SystemServer: Applications that connect to services may not be able to run as root

[ne0ndrag0n]

This is reproducible if you run TextEditor as root, either via pls, Escalator, or plain old su. I recommend from su as the others appear to cause an incidental error related to /etc/passwd in the console.

Select the Open option from the toolbar. The application will immediately crash with these errors reported:

Shell: Job 1 (TextEditor) Broken pipe

15.761 SystemServer(48:48): Failed to drop privileges (GID=0, UID=0)
15.764 [#0 TextEditor(47:47)]: Terminating TextEditor(47) due to signal 13

If you make a small change to SystemServer/Service.cpp to report the service name and user id at the time the crash happens:

        if (m_account.has_value() && m_account.value().uid() != getuid()) {
            auto& account = m_account.value();
            dbgln("i am service {} and currently uid {}", name(), getuid());
             ...

You will get this:

96.073 SystemServer(47:47): i am service FileSystemAccessServer and currently uid 100

There is no service definition for FileSystemAccessServer in /etc/SystemServer.ini, but there is one in anon's local SystemServer.ini.
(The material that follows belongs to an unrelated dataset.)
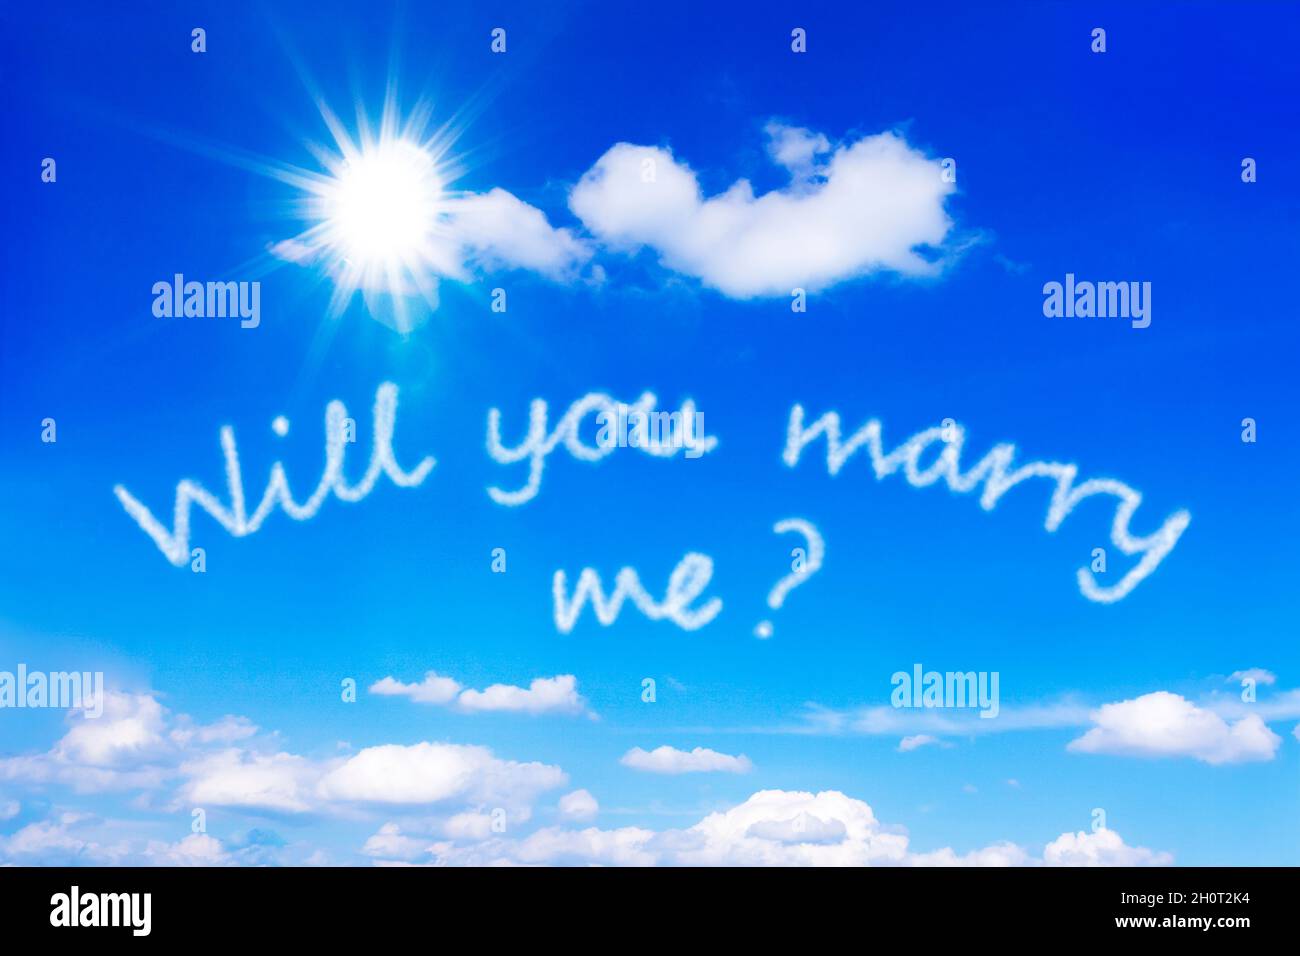 Mi sposi messaggio scritto su un cielo blu soleggiato. Modello molto romantico per una proposta di matrimonio. Foto Stock
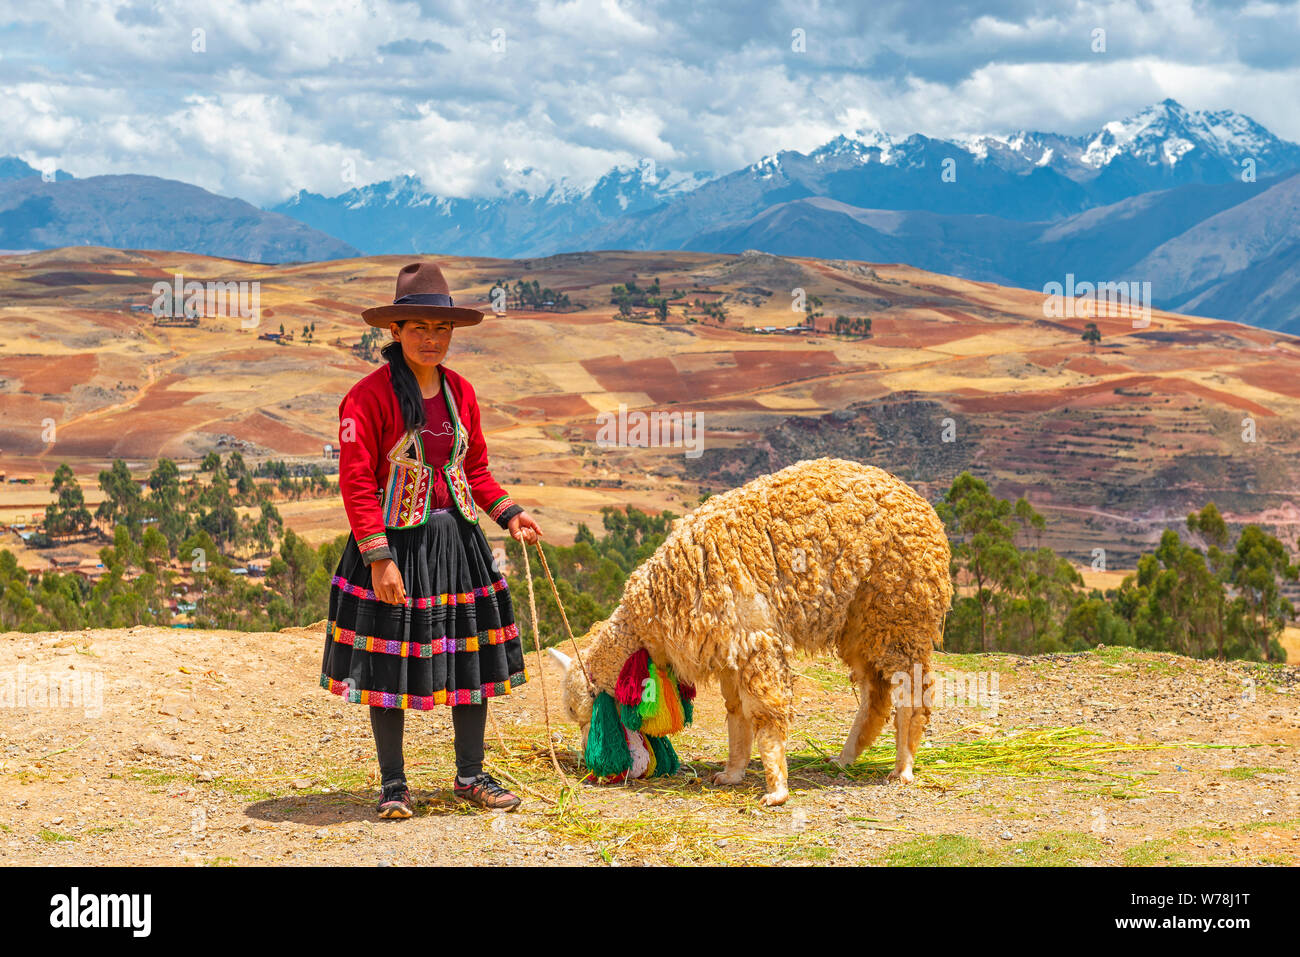 Les femme Quechua avec un lama de manger de la paille et la vallée sacrée des incas dans le fond près de Cusco, Pérou. Banque D'Images

Which hints to me that when this service is spawning, it is resolving the socket path with the sid associated with anon. Because User is not defined, SystemServer is trying to elevate from anon to root, which will not work as that's a security issue (setuid cannot set to any other user when non-superuser).

Finally, following a discussion in Discord #development the remedy may not be as simple as changing the resolution of the socket path or changing the session id on su because of the way WindowServer operates. So not sure yet what the fix should be, but that's something to watch out for.